My students and I have been involved in considerable educational outreach during my years at Wooster. During the course of a semester, it takes time and energy to support the K-12 setting, and I am so proud of my Wooster undergraduates – primarily majors and minors of our department – for always volunteering to work with the students in our community. I have only occasionally participated in B-Wiser Science Camp and Expanding Your Horizons due to my spring/summer teaching commitments. Most of the time, my students and I have engaged with the local nursery schools or public schools, because that is where my experiences in teaching started. Here is a glimpse of some of our educational outreach activities:
The College of Wooster Nursery School
Faculty in Scovel Hall have been interacting with the Nursery for years. In fact, Mark Wilson and Greg Wiles had established this relationship decades before I arrived at Wooster. Now, I can look forward to the Nursery School making the one block trek to Scovel Hall for major events each year: “Rocks & Fossils Day” and “Dinosaur Day”. Their time spent in Scovel Hall is designed as an active learning/discovery environment wherein the budding scientists can see specimens they do not have at the Nursery School.
Cornerstone Elementary
My students and I were consultants for the Cornerstone PlayLab Rock Garden, which is an amazing outdoor educational experience built adjacent to the Cornerstone playground. Our duties were to: (1) provide a workshop for the elementary teachers on the PlayLab Rock Garden, (2) provide a workshop for Cornerstone Elementary’s Science Club on “Minerals, Rocks, and Fossils”, and (3) identify all of the rocks specimens at the PlayLab Rock Garden and write up a report for the Cornerstone teachers to use in their classes.

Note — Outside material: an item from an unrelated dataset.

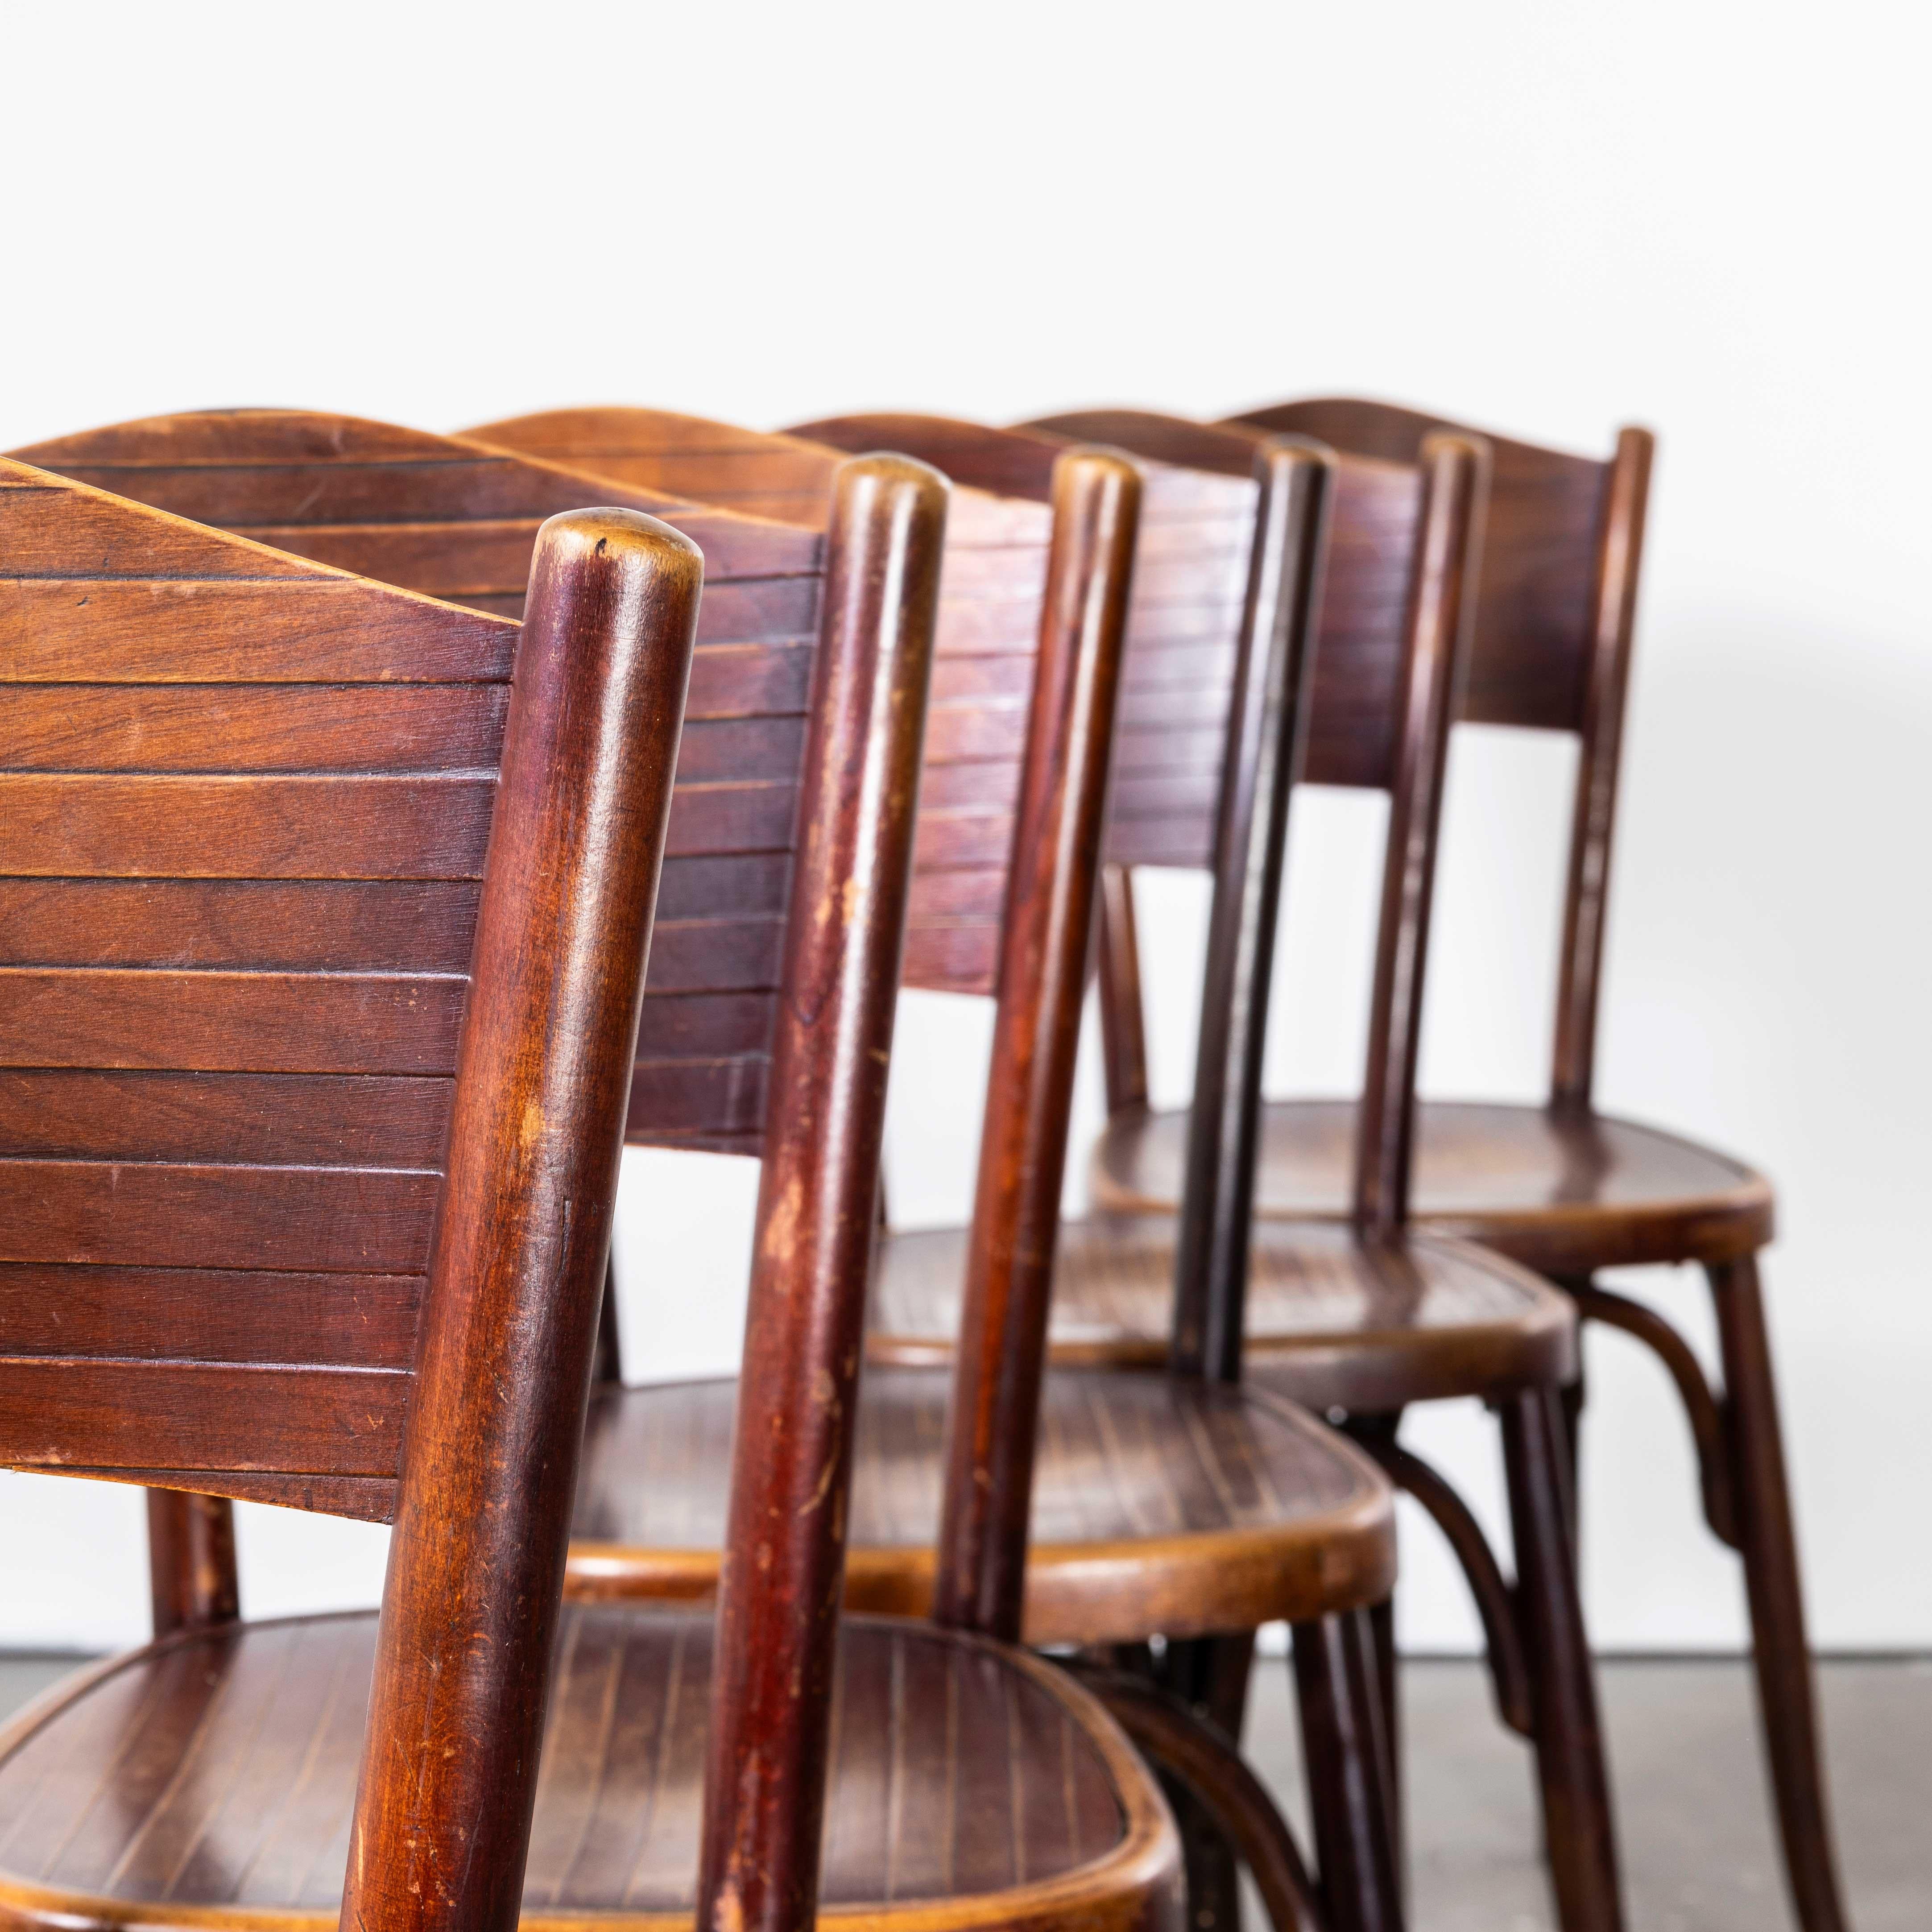 1940’s Fischel Stamped Bentwood Dining Chairs – Good Quantity Available
1940’s Fischel Stamped Bentwood Dining Chairs – Good Quantity Available. The process of steam bending beech to create elegant chairs was discovered and developed by Thonet, but

Melrose Elementary / the former Wayne Elementary
Several teachers first at Wayne Elementary (before it was demolished) and later at Melrose Elementary asked my students and I to come and give several different presentations to 4th/5th grade classrooms. These presentations tied directly into their science lessons and the State Standards. We gave presentations on “Volcanoes and Igneous Rocks” and “Fossil Plants and their Communities”.